The new studies add to a rapidly expanding suite of prevention methods beyond behavioral efforts such as encouraging condom use and abstinence. "As we get more scientific data, the ability to contain the epidemic by multiple weapons gets better and better," said Anthony Fauci, director of the National Institute of Allergy and Infectious Diseases. In the past year, studies have shown reductions in contracting HIV among uninfected gay men taking AIDS drugs and among women who applied a vaginal gel containing an AIDS drug. Also, infected people treated with the drugs were shown to be 96% less likely to transmit HIV than patients not yet on therapy. And circumcision has been proven to slash the chance a man would acquire HIV.Even before the latest two studies, Dr. Fauci wrote a widely discussed editorial in the journal Science stating, "For the first time in the history of HIV/AIDS, controlling and ending the pandemic are feasible." A major problem is financing for HIV/AIDS, which fell for the first time in 2010 for low- and middle-income countries, according to the Kaiser Family Foundation. But, Dr. Fauci wrote, "Major investments in implementation now will save even greater expenditures in the future."
The next step is to figure out how best to use AIDS drugs for prevention. No one is suggesting that masses of women in Africa or anywhere else be placed on drugs to prevent infection; that would be too expensive, and the drugs can cause side effects. But it might be cost-effective to target high-risk women, such as sex workers, several researchers and advocates said.
The CDC plans to develop guidance for their use in the U.S., Dr. Fenton said. The agency said Wednesday that interim guidance it issued earlier this year for use of the drugs among gay and bisexual men could be used for heterosexual patients who urgently need the drugs. The drugs should be given only to patients at high risk of HIV infection and only with other forms of prevention such as HIV testing and condoms, the agency cautioned.
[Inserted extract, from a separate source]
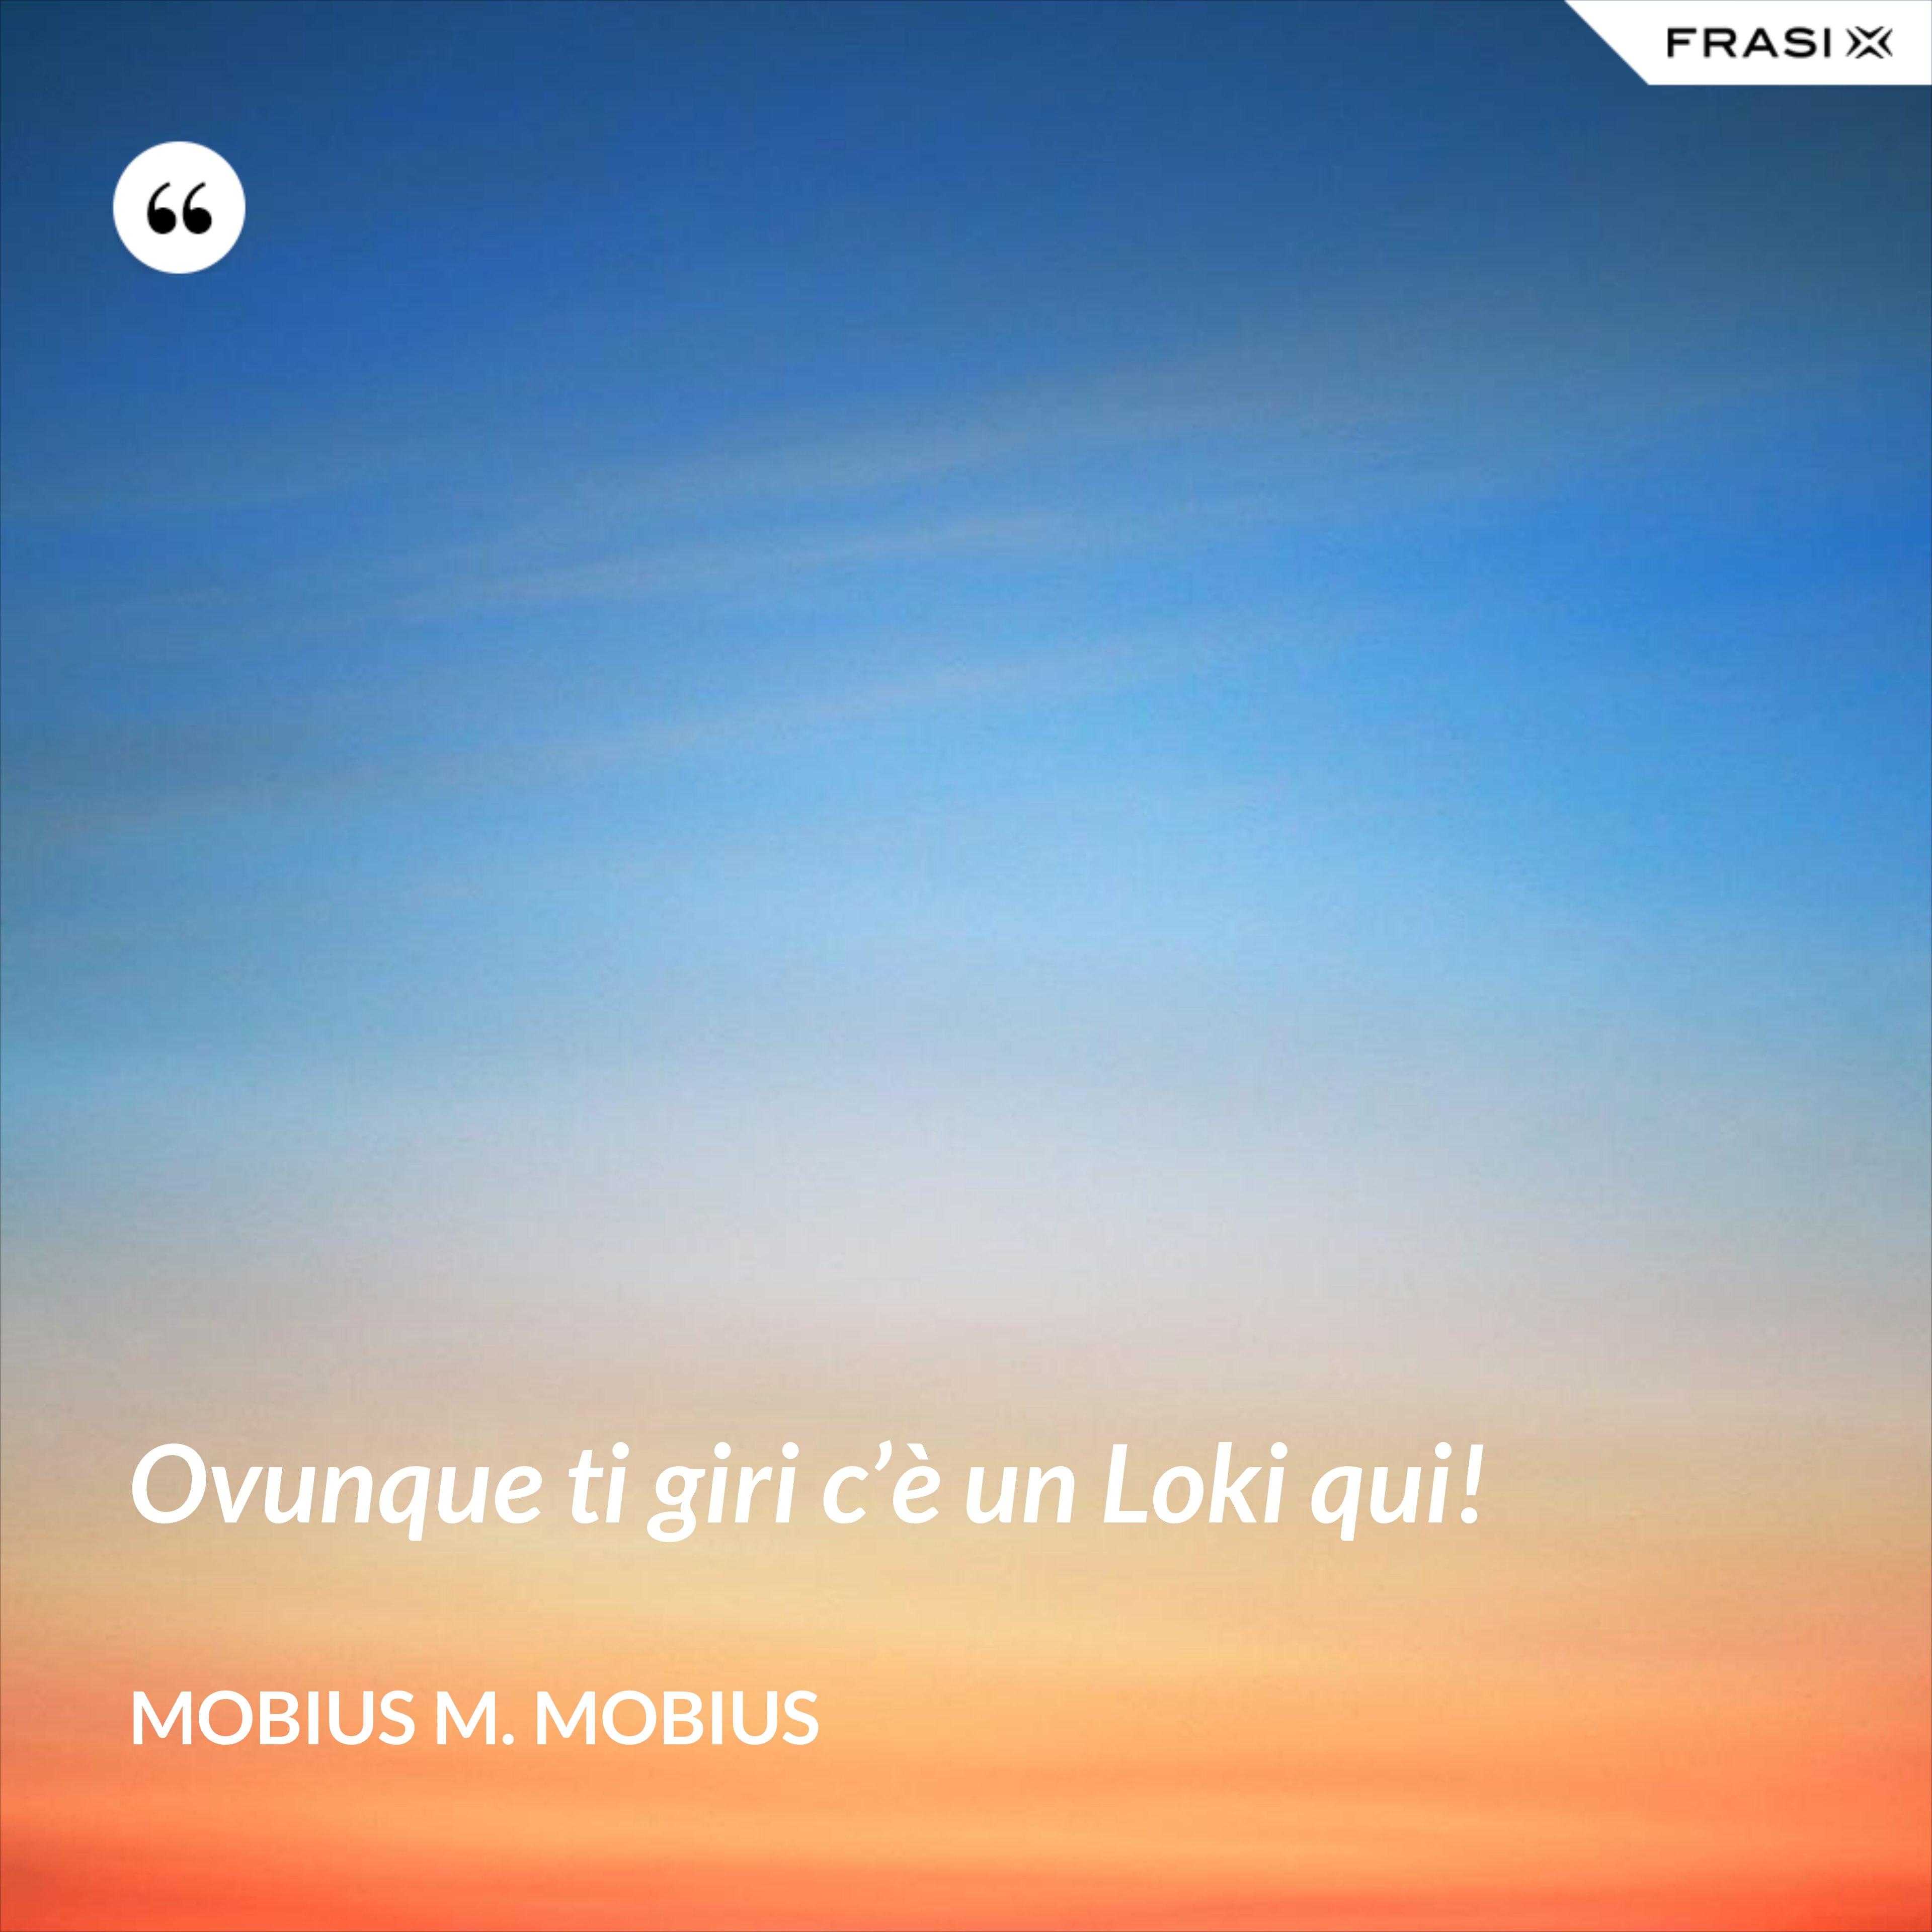 Ovunque ti giri c'è un Loki qui! - Mobius M. Mobius

"The challenge is moving from the trial to real world implementation," Dr. Fenton said. "We need to understand in which populations to apply them" and how to combine them with other prevention tools, such as counseling and HIV testing, he said.
In a move aimed at increasing access to AIDS drugs world-wide, Gilead said Tuesday it had licensed the rights to several of its therapies to four drug makers in India, as well as to an international organization called the Medicines Patent Pool, which plans to license the rights to other companies. In the U.S., 30-pill bottles of Viread cost $693.74 and of Truvada cost $1,074.64, according to a Gilead spokeswoman. Gilead's deals with Indian drug makers have cut the cost of its antiretrovirals to as little as $6.15 a month, or 21 cents a day in some countries, a Gilead spokeswoman said.
The two studies resolve a contradiction that had puzzled researchers. In April, a study in which women were given the same regimen was stopped because it was unable to determine if the drugs had any protective effect, a result widely considered a setback. The studies reported Wednesday suggest the inconclusive study had unrecognized problems, perhaps in participants adhering to the regimen.